The silvia wasn't in contention as the op was looking at fracino 's for a possible upgrade, and had rightly said the advantage of silvia was slight.


----------



## oracleoftruth (Jan 15, 2014)

I'd go with upgrading the grinder too.


----------



## Glenn (Jun 14, 2008)

sjdavies47 said:


> ...
> 
> So if I was to upgrade to one of the smaller hx or db machines (eg piccino or cherub) what actual benefits would I expect to see?


Welcome to Coffee Forums UK

What budget are you working to?

Both the Piccino and Cherub are good options to consider

The advantage with the Piccino is that it is a dual boiler and you will be able to brew and steam simultaneously

I have used both of these machines.

If I had to choose between the 2 then this would be my choice

During the 2011 London Coffee Festival a Guinness World Record was set to pull 12000 Espressos in an hour






I helped pull back to back shots on the Piccino for a period of time. These shots were appraised to ensure they were hot enough (part of the criteria) and of an acceptable standard

The Piccino kept up, whereas the Classic would have made approx. 1/5th the number it made

Andy (coffeebean) will be able to assist you with a decent price for both of these models


----------



## sjdavies47 (Jun 29, 2014)

Thanks all. I find the comments on grinders on this forum really interesting. Having been on other forums grinders have not been given the same focus. I guess I need to look through the grinder sub forum, buy I guess the questions are:

What is less than ideal about the rocky

What makes a good grinder (other than saying mazzer on it :+) )


----------



## Blackstone (Aug 5, 2012)

Take a look at this link. It should answer most of your questions

http://coffeeforums.co.uk/showthread.php?17071-Grinders-what-do-you-get-for-your-money


----------



## urbanbumpkin (Jan 30, 2013)

From my limited knowledge of the Rocky the down sides are it's a stepped grinder rather than a stepless one.

The doserless one can be quite clumpy like the Mignon, but the Mignon has a far better grind consistency.

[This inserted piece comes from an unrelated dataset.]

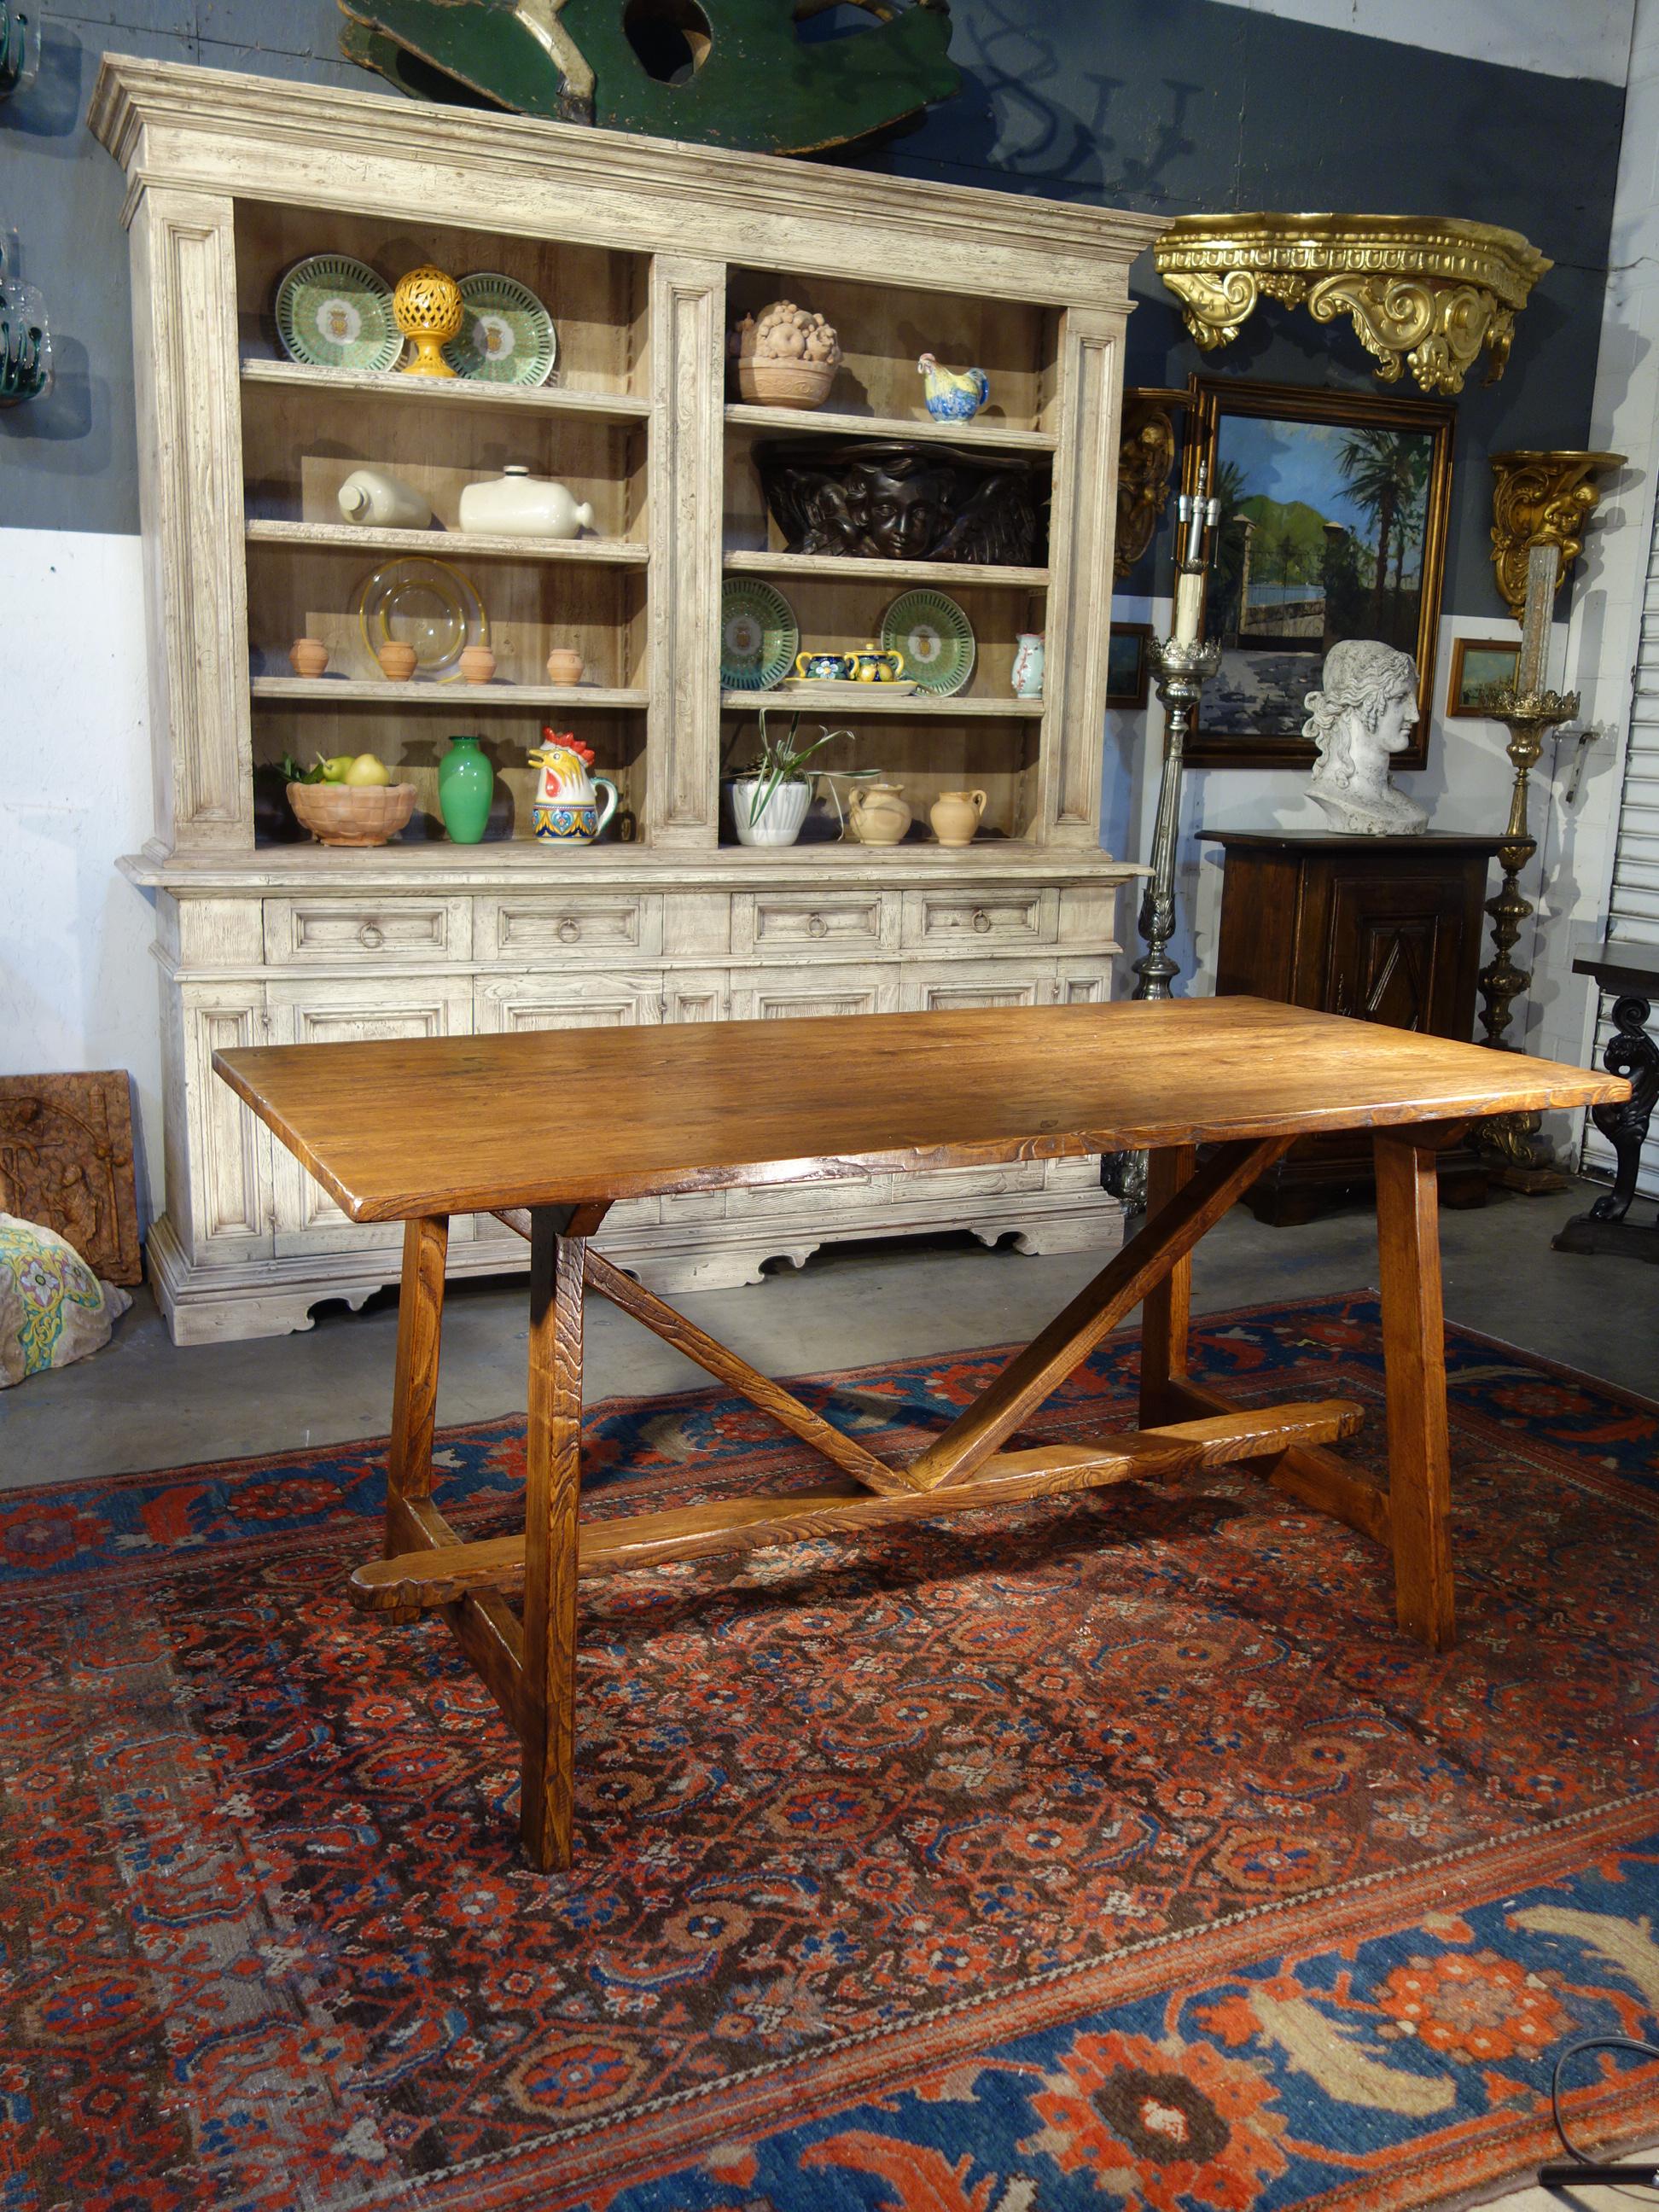 Ligne de tables CAPRETTA - notre table rustique de style réfectoire italien du 17e siècle, fabriquée à la main en vieux châtaignier avec une surface brossée pour accentuer le grain et une teinture Renaissance classique à la gomme-laque - disponible

As for grinders other than a Mazzer, worth looking at ex commercial grinders with bigger burrs and better grind consistency.

Lots of really good ones other than Mazzers. Brasilia RR55, Compak, Cimbali, (I'm sure the Fracino ones are re-badged Compak).


----------



## Daren (Jan 16, 2012)

Urbs hit the nail on the head there with his appraisal of the Rocky. I had one paired with a Silvia. When I upgraded to a SuperJolly the improvement was surprising. By far the best pound for pound improvement I have made has been with grinder - not espresso machine.

The real problem you will find with the Rocky is the stepped adjustment. It can be modded but that still wont get you into the same league as a commercial grinder.

If you have a budget in mind and don't mind second hand then try sending Coffeechap a PM. He should be able to hook you up with a decent grinder.


----------



## seeq (Jul 9, 2011)

Glenn said:


> Both the Piccino and Cherub are good options to consider
> 
> The advantage with the Piccino is that it is a dual boiler and you will be able to brew and steam simultaneously
> 
> ...


You can brew and steam simultaneously on The cherub too. What is it about the Piccino you prefer?

I only ask as these two machines are in contention when I can finally afford to upgrade.


----------



## thenag (Feb 18, 2014)

I upgraded my Gaggia and got the Cherub a few months ago. The consistency has come on leaps and bounds, probably due to a more stable temperature. And the fact I have steam on tap means it doesn't take me forever heating up, cooling down, heating up etc for steam to make a few coffees when people pop round. I thought I was mad to spend the money when I did it, but I'm really happy I switched.


----------